___ SUPPLIED MATERIAL ___

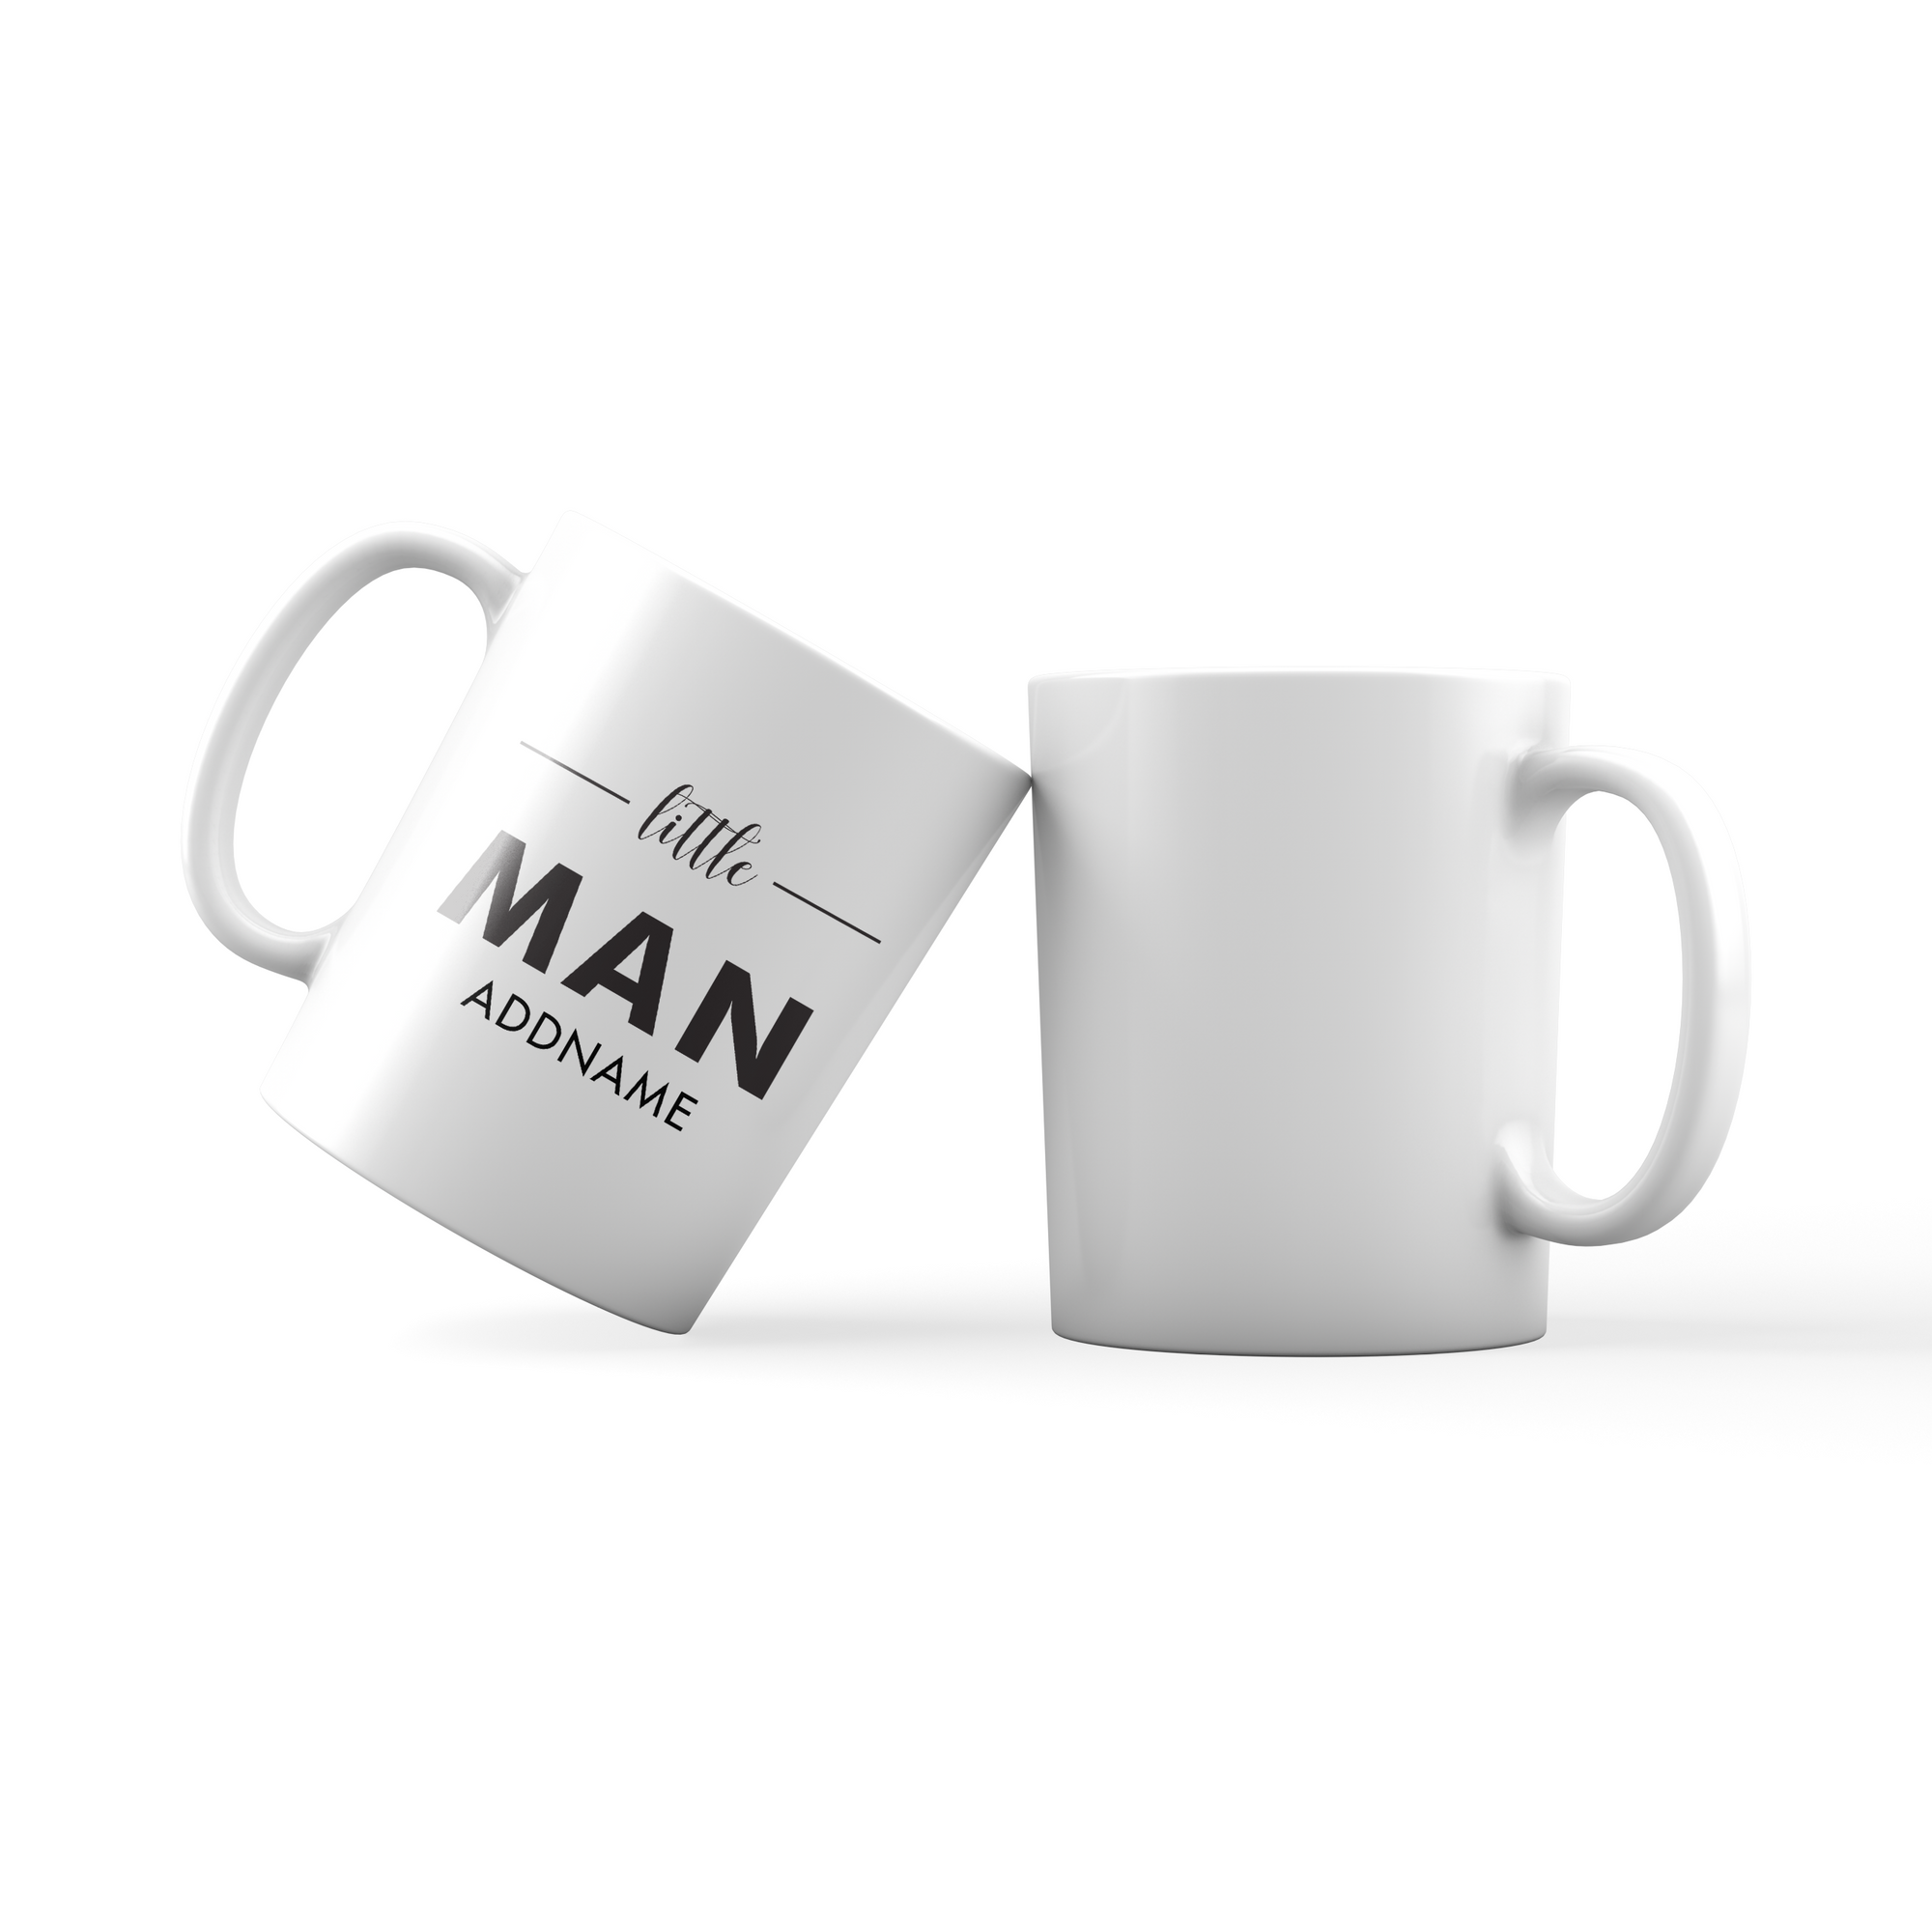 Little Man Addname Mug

___
___ SUPPLIED MATERIAL ___

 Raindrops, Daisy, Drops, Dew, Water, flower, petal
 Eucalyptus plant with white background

___

**PROMPT:**
Look above for the line with "Raindrops, Daisy, Drops, Dew, Water, flower, petal" and the line with "Eucalyptus plant with white background". Retype those two lines and every line between them exactly, adding nothing.

**WORKED SOLUTION:**
 Raindrops, Daisy, Drops, Dew, Water, flower, petal
 Eucalyptus plant with white background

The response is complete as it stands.